___ Exercise data ___
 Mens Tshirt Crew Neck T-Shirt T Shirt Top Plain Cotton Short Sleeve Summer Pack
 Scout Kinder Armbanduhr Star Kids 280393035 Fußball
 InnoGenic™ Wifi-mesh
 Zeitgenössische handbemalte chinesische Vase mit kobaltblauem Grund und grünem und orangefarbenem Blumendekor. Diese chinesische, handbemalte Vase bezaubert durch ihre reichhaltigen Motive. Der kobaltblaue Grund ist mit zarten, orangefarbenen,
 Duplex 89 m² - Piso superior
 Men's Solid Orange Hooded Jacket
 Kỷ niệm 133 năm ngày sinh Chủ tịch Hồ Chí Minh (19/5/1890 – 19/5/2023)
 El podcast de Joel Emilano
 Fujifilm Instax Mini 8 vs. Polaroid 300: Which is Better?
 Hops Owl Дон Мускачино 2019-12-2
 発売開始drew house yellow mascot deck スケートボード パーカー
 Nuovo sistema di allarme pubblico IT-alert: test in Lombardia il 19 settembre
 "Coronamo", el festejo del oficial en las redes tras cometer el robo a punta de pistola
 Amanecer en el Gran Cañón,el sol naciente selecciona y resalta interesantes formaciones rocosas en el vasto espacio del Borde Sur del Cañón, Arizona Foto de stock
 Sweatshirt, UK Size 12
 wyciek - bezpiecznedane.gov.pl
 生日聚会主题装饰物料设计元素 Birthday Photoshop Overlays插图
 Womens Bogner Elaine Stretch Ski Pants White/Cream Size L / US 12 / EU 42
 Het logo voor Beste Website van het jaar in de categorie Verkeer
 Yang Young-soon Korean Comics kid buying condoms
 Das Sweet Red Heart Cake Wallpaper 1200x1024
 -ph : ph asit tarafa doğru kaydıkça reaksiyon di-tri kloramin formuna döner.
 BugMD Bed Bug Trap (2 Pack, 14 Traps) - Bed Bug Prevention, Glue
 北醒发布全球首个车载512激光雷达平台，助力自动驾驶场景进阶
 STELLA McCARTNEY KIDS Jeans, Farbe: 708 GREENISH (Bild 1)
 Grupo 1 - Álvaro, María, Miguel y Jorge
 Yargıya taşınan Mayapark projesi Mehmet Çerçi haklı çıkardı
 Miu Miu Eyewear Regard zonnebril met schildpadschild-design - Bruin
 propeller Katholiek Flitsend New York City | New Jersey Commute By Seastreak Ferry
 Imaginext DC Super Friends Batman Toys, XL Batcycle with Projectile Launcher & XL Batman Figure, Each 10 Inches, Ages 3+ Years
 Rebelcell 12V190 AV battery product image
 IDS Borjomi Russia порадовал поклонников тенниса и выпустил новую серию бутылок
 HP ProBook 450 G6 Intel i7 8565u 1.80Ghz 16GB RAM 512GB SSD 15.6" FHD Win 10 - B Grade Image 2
___
### Exercise instructions
Begin with the first line of the records and reproduce each line as is, ending with the line that holds "InnoGenic™ Wifi-mesh".

### Exercise output
 Mens Tshirt Crew Neck T-Shirt T Shirt Top Plain Cotton Short Sleeve Summer Pack
 Scout Kinder Armbanduhr Star Kids 280393035 Fußball
 InnoGenic™ Wifi-mesh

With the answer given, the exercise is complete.